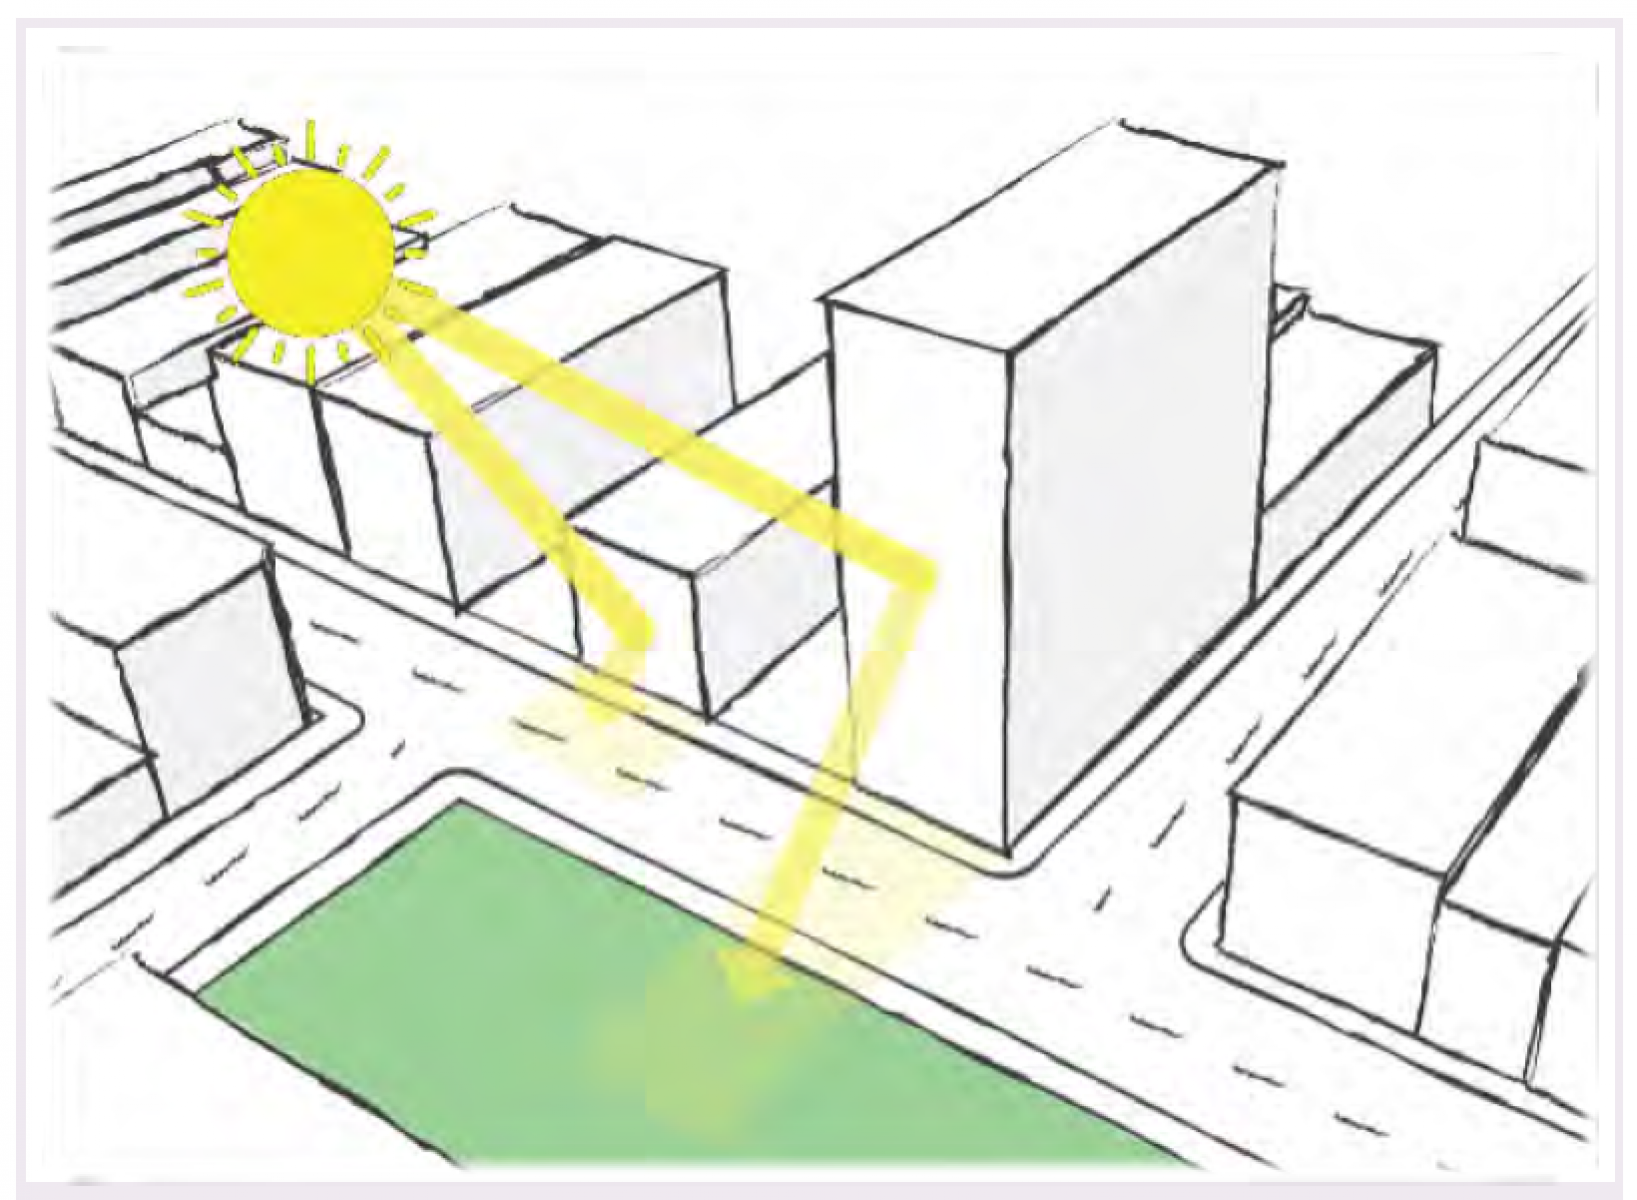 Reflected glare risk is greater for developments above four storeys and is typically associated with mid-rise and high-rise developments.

--

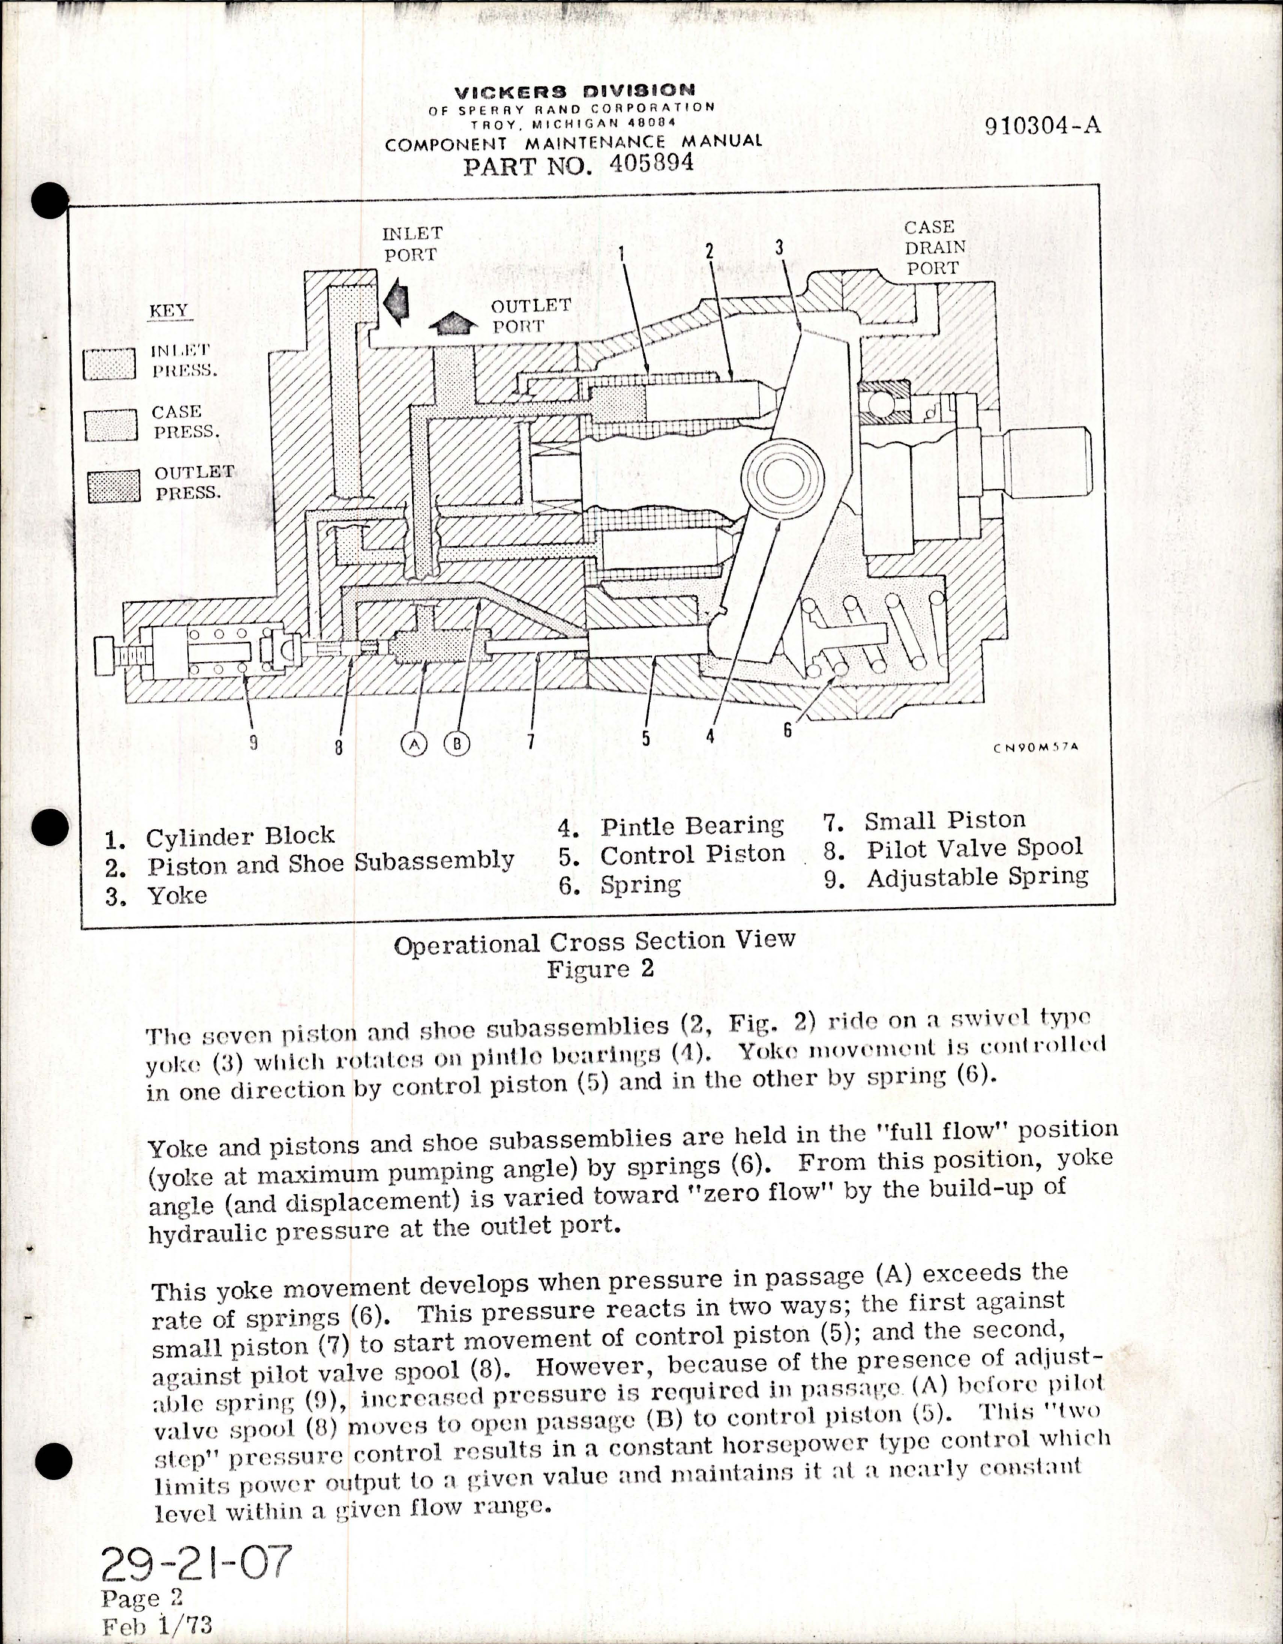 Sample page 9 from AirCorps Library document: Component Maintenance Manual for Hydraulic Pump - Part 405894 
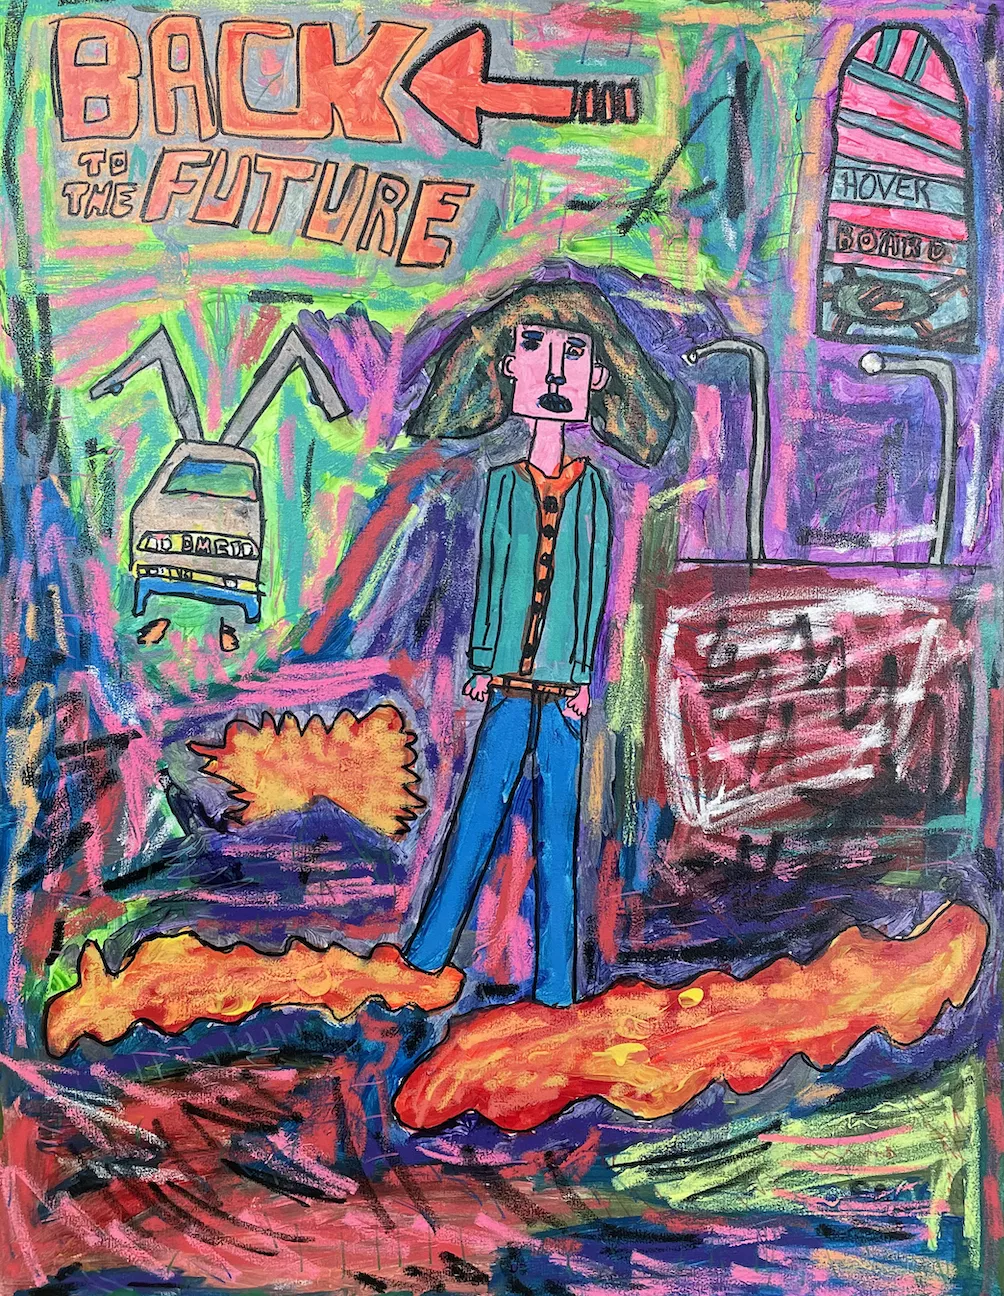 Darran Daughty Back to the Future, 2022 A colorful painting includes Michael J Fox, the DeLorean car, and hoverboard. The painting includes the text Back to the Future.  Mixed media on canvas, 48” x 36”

--

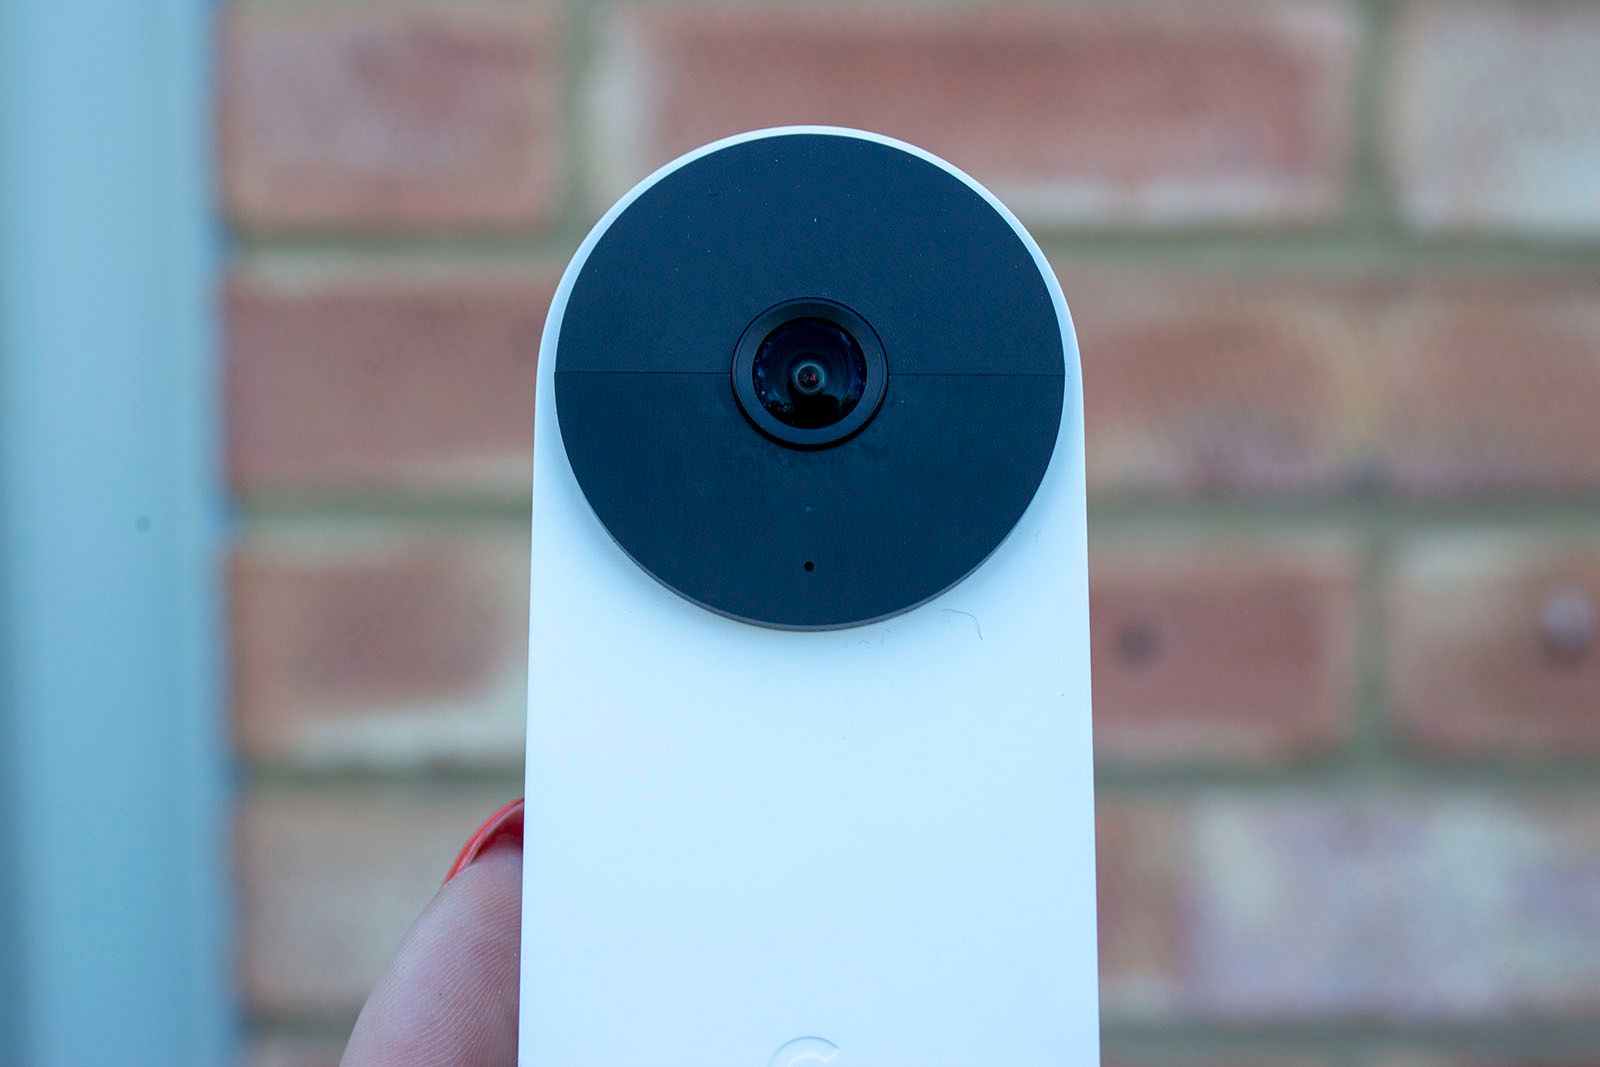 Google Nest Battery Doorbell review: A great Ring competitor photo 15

### [ASSIGNED TASK]
Output exactly, and only, the lines of the entries above from the one with "Sample page 9" up to and including the one with "Darran Daughty Back"; pictures are to be left out.

### [SOLUTION]
 Sample page 9 from AirCorps Library document: Component Maintenance Manual for Hydraulic Pump - Part 405894 
 Darran Daughty Back to the Future, 2022 A colorful painting includes Michael J Fox, the DeLorean car, and hoverboard. The painting includes the text Back to the Future.  Mixed media on canvas, 48” x 36”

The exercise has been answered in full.